A powerful case study  

The “Walking While Black” project — reported by Sanders and Kate Rabinowitz of ProPublica, and Benjamin Conarck, then of the Florida Times-Union — originated from a viral video of a young Black man threatened with jail time after jaywalking. Conarck initially covered the events in a daily story.  

Sanders was intrigued and reached out to Conarck. Together, they started digging into the data to see just how common these kinds of police interactions were.

Instead of asking police departments for data — a request that likely would have been met with resistance, he said — the reporters turned to Florida’s statewide database of all infraction citations. When they started asking police departments questions about the disproportionate number of Black folks receiving these tickets, Sanders was given responses such as: “We’re doing this to save lives.”

To evaluate that claim, the reporters cross-referenced the locations where tickets were issued to the places where pedestrians were most often killed. Black census tracks had more pedestrian tickets, even when there weren’t correspondingly higher pedestrian deaths.

The database, along with the names of people and the locations of the tickets, helped the reporters find personal stories to bring the data to life.
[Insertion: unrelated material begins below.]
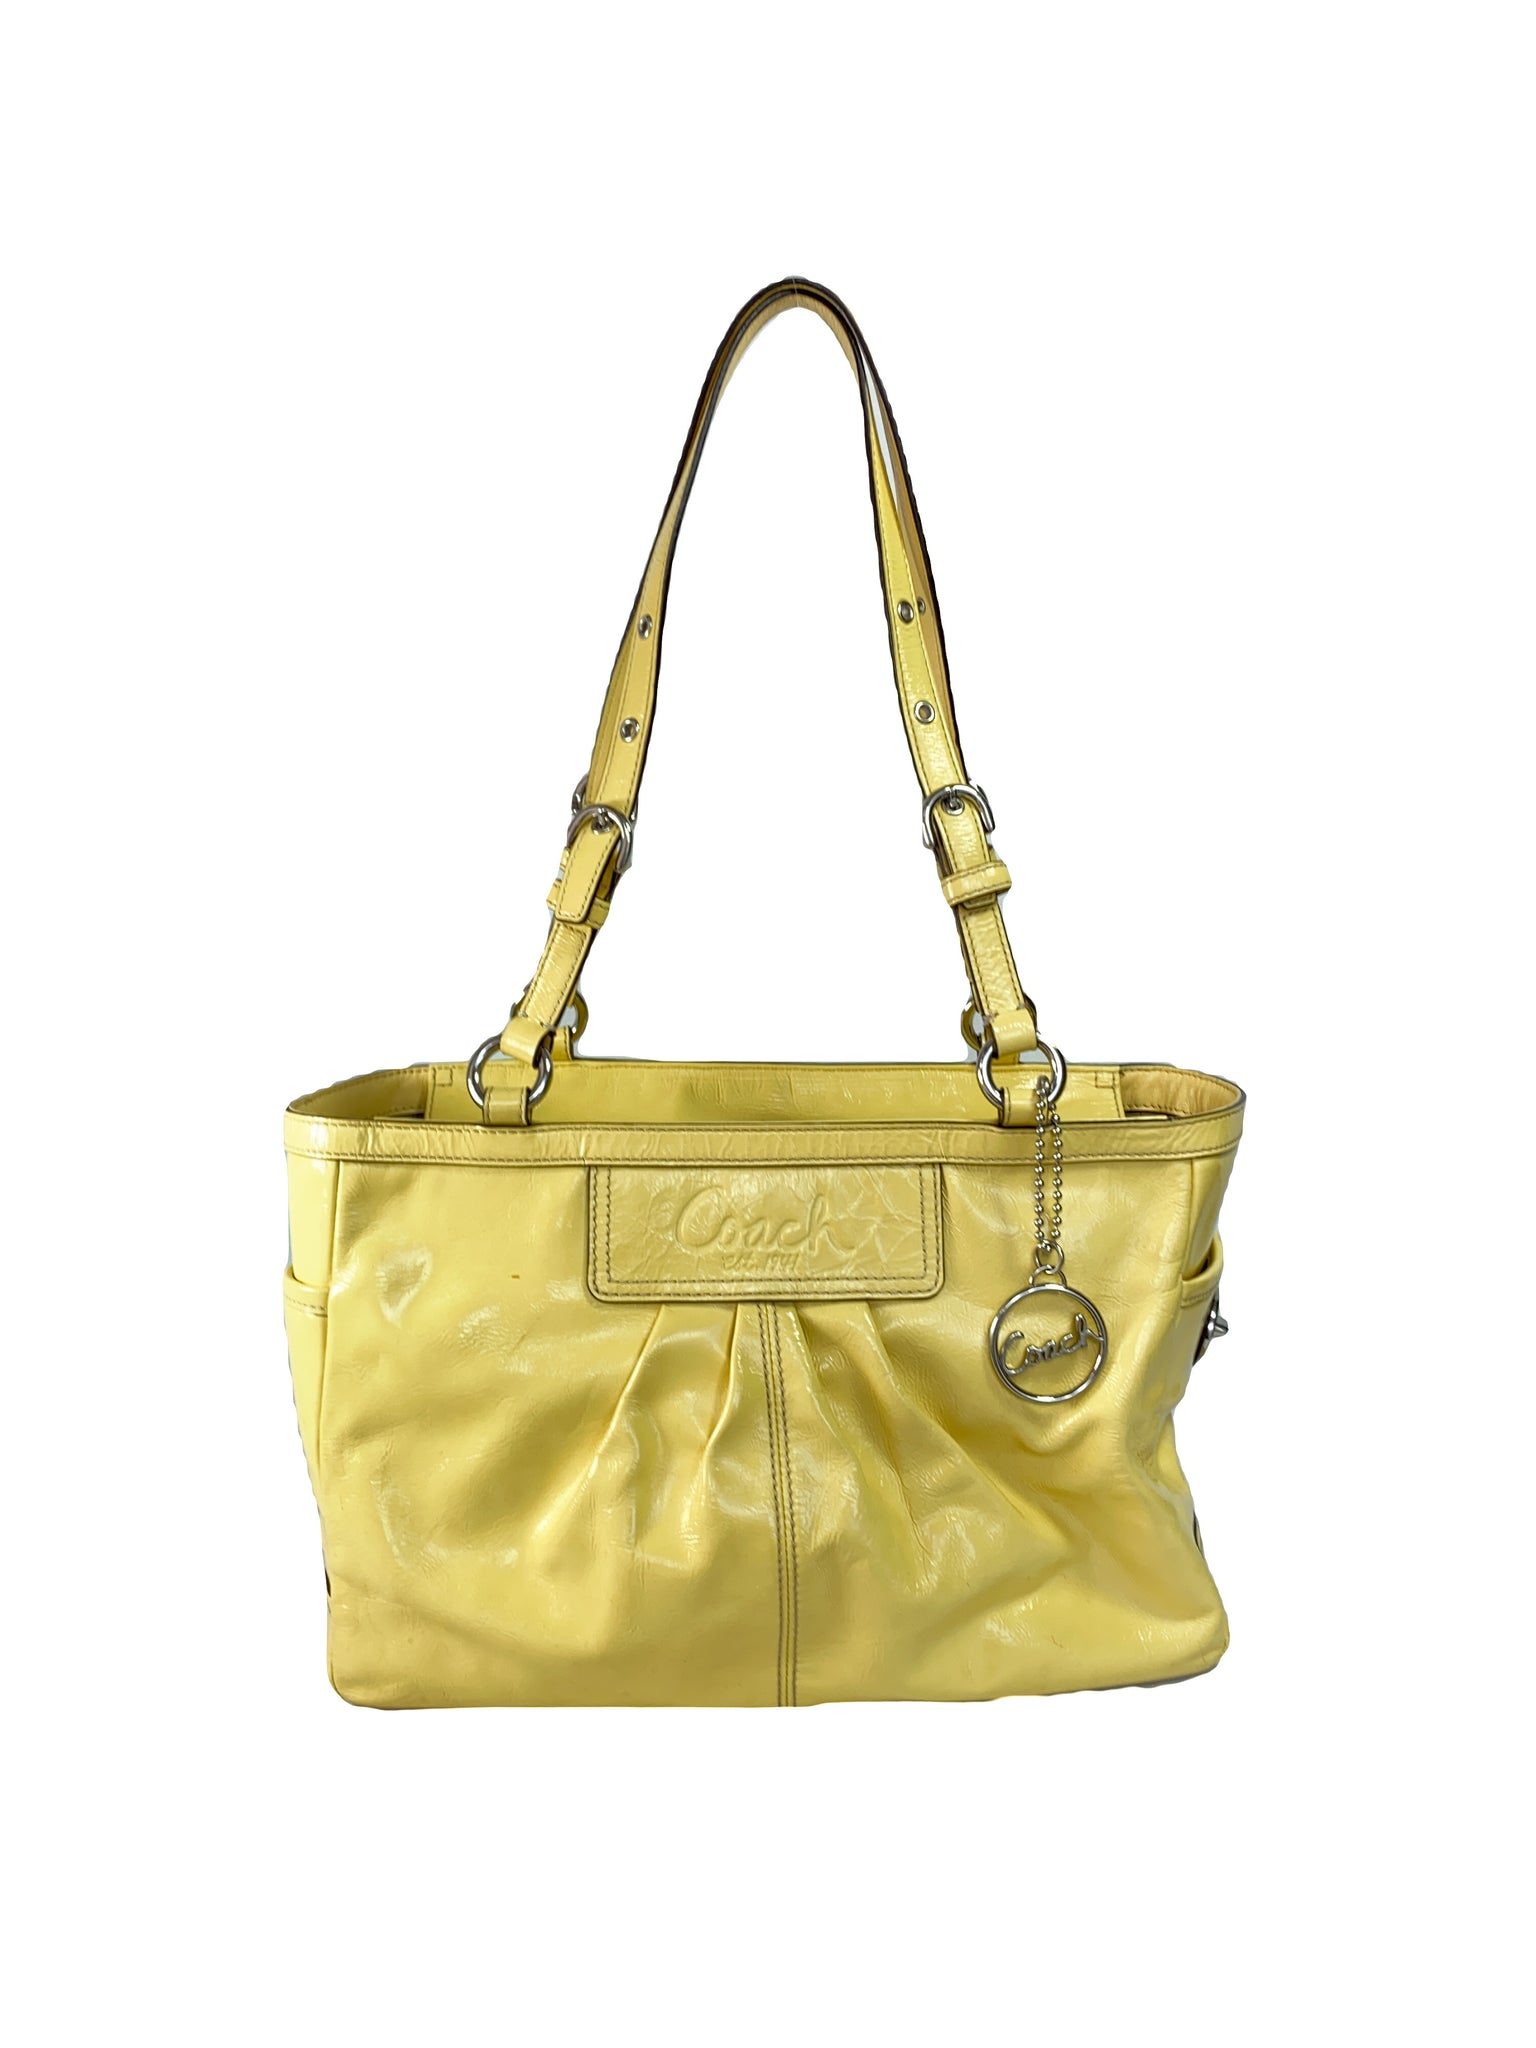 Coach - Coach Sunflower Yellow Purse/Shoulder Bag on Designer Wardrobe

Lawyers were also a good source for finding people who had contested their tickets.

The reporting team also studied the traffic laws and used Google street view to see whether crossing the street in some locations really violated the law. Often, cops didn’t know the nuances of the law. About 60% of the pedestrian tickets in the four largest counties fell into this category of “bad tickets.”

While data is instrumental, Sanders also stressed the importance of developing cop sources. These are essential in understanding how the rank and file see these issues, and how they’re executing the commands they’re given, he said.

“The only way to learn the ins and the outs of how the cops operate is to actually talk to them … not just the top brass for comment,” he said. “That’s the way you really start to learn about these processes.”